Until recently, there was little incentive for doctors or hospitals to send stool samples for testing for norovirus. They could diagnose from clinical symptoms and knew that while the disease was miserable, it was rarely life-threatening.
 
And there was little point to sending samples to the lab; the virus can't be grown in culture, so there was no way to produce a viral isolate to study.
 
With the development of polymerase chain-reaction testing, laboratories can now amplify pieces of the virus and produce a genetic fingerprint that can be compared to the fingerprint of other noroviruses.
 
That opens up research possibilities that need to be explored, said Dr. Allison McGeer, head of infection control at Mount Sinai Hospital in Toronto.
 
"The argument for not studying them is people don't die from them very often... but from an institutional-disruption point of view, they're expensive as all get out," she said.
 
"And I think that means we've got to sit down and figure out what we're doing with them."
 
The Public Health Agency is trying to do just that.
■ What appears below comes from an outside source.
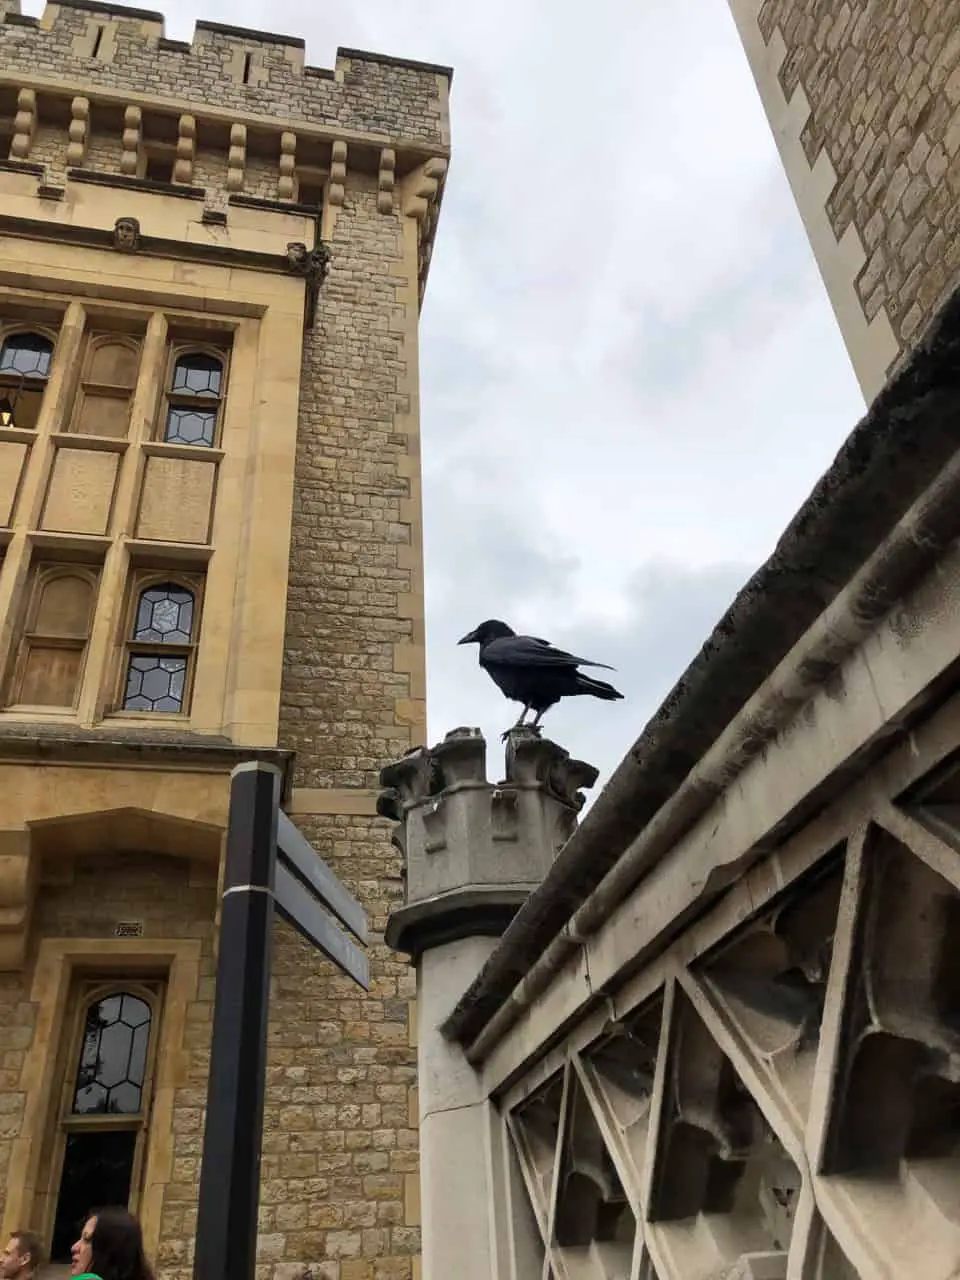 Raven at The Tour of London
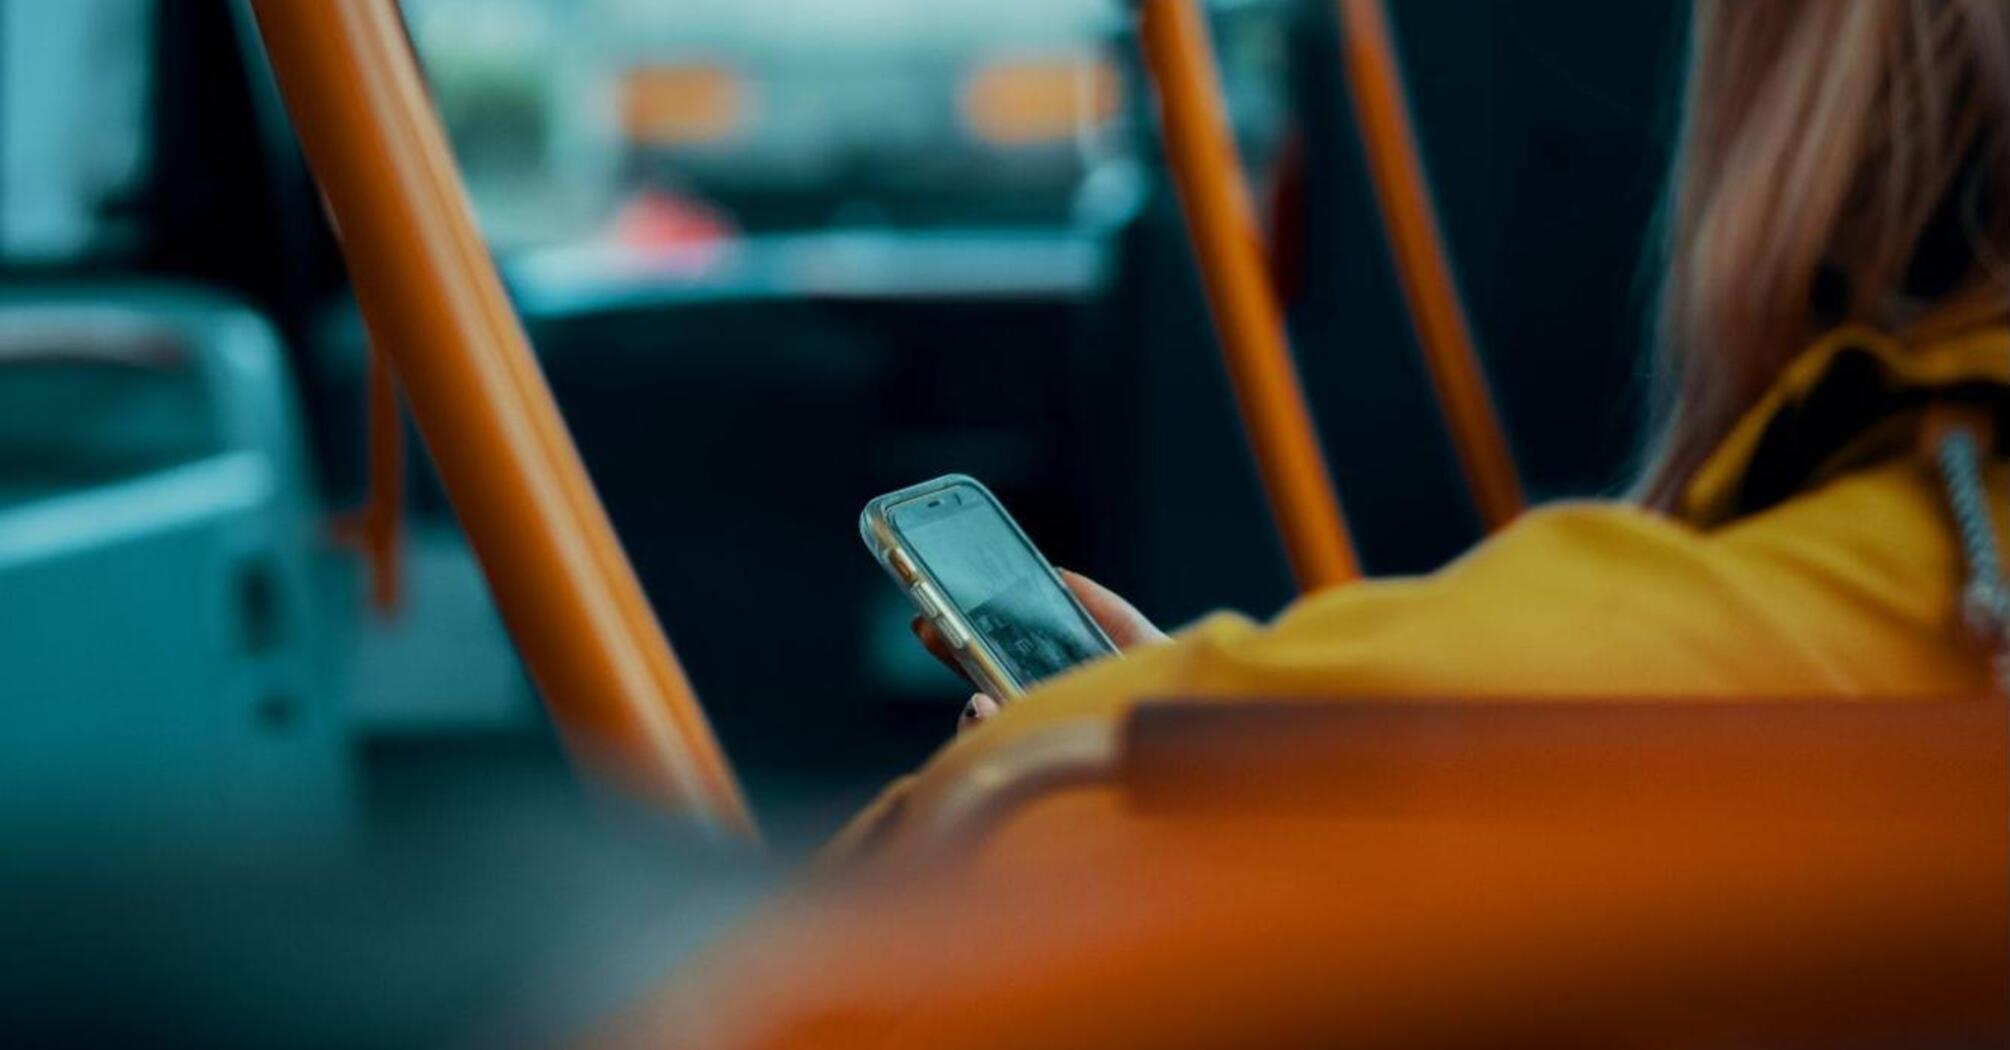 A person in a yellow jacket using a smartphone while sitting on a bus

Last week it convened a meeting of provincial and territorial public-health officials to try to get a handle on the problem.
 
"Certainly one of the things we would like to do is to sort of collect the different strains and catalogue them and see where they're appearing in the country to see if there's any connect between them and what types of evolution in those strains are taking place," Dr. Sockett said.
 
The laboratories of the British Columbia Centre for Disease Control have been doing that type of tracking for the past four years, producing Canada's first database of about 350 viral fingerprints dating back to 1994 from frozen stool samples.
 
They've seen a dominant strain, said Dr. Judy Isaac-Renton, director of laboratory services. It was the seventh strain they typed in 2002; they called it 007.
 
"We always have a picture of James Bond on it because it has the licence to ill," Dr. Isaac-Renton said with a chuckle.
 
Having viral fingerprints allows public-health authorities to track the progress of particular viruses, but the science hasn't yet evolved to the point where they can tell if one causes worse disease than another, she noted.
 
But Dr. Isaac-Renton does believe the pattern of disease has changed, with a worrisome increase of norovirus outbreaks in health-care institutions.
 
"It's changing in the sense that it's now impacting very severely ill people in acute-care hospitals. And to me that's a significant change."